Fragment of a terracotta frieze plaque from the Regia at the east end of the Forum showing a minotaur and felines, c. 600–550 BC, Antiquarium Museo del Foro Romano

Originally a low-lying, grassy wetland, the Forum was drained in the 7th century BC with the building of the first structures of Cloaca Maxima, a large covered sewer system that emptied into the Tiber, as more people began to settle between the two hills. Archaeological evidence shows that by the end of the 7th century BC, the ground level of the Forum was raised significantly in some places to overcome the problems of poor drainage and provide a foundation for a pebble-paved area.
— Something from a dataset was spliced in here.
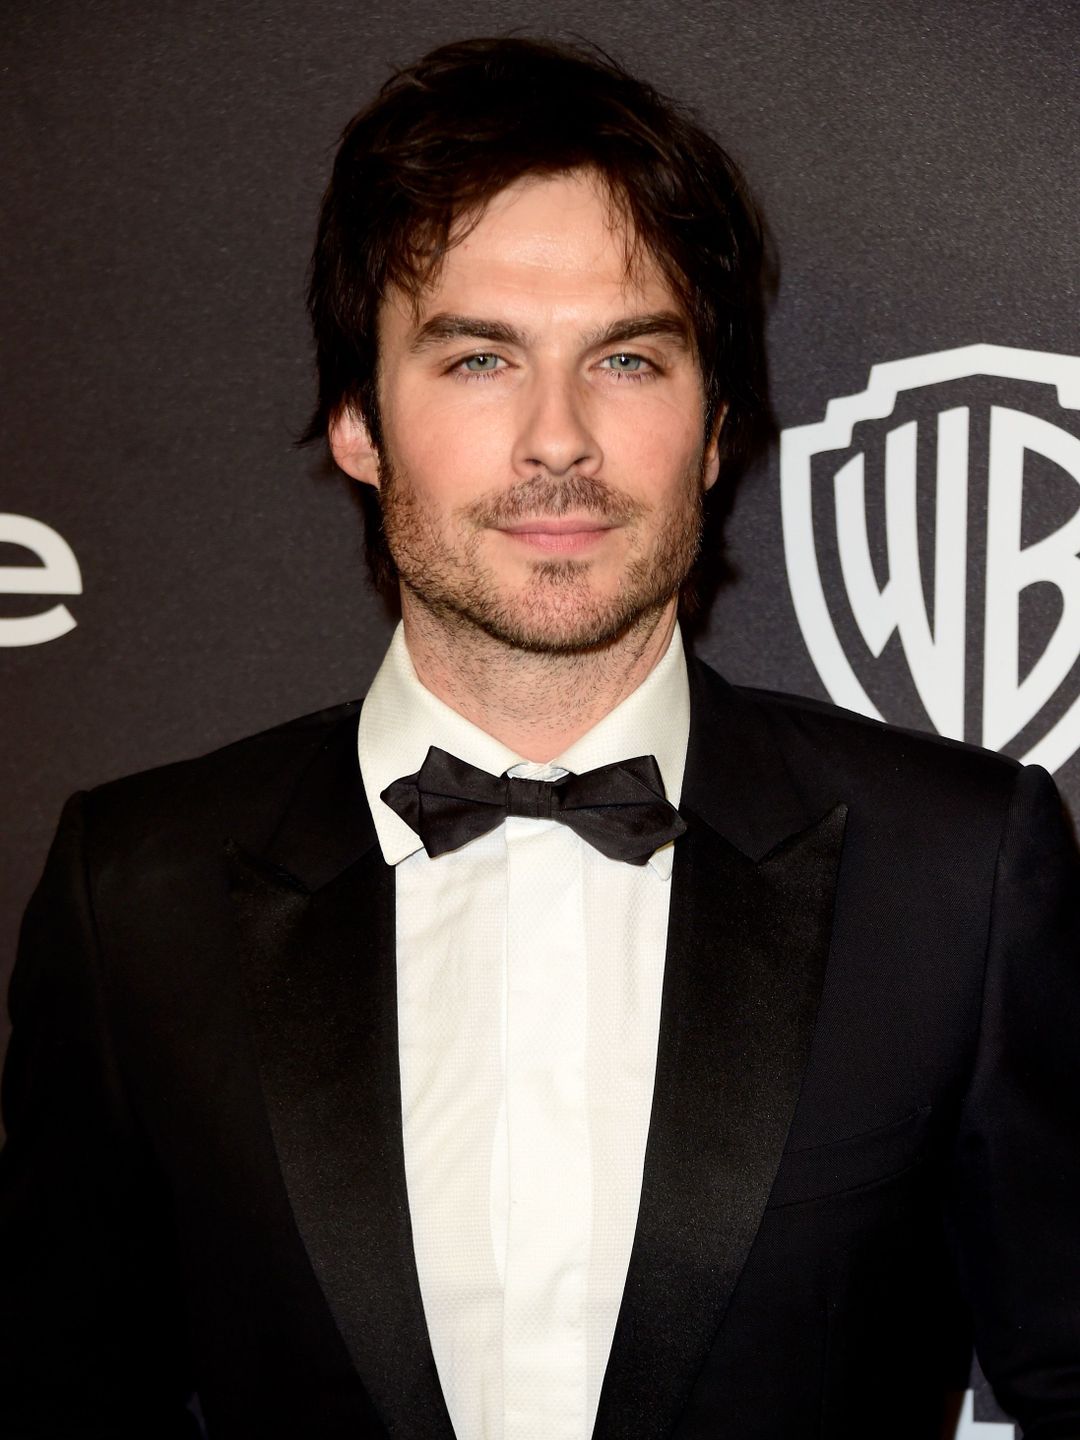 Ian Somerhalder who is his father

In the middle of the 7th century BC thatch-and-timber huts were demolished on the route of the Via Sacra and rectangular stone buildings began to replace them.

The earliest structures in the Forum were discovered in two separate locations: the site of the Comitium and the group of sanctuaries of Regia (House of the kings), House of the Vestals and Domus Publica. Around 650–630 BC the area of the Comitium was excavated into a deep triangular depression. The area was paved with a beaten earth pavement and later replaced with a more substantial gravel one. Nearby was located an archaic sanctuary dedicated to Vulcan known as Vulcanal (also Volcanal): a small rectangular pit and elliptical basin carved out of an outcrop of tuff. It has been suggested that the earliest ancient materials collected in the area of the Vulcanal are from the second half of the 8th century BC. It appears that the Romans were aware of the sites’ archaic origins: the foundation of the Comitium and Vulcanal were attributed to Romulus himself while the first Curia (senate house), which was located nearby, to Tullus Hostilius.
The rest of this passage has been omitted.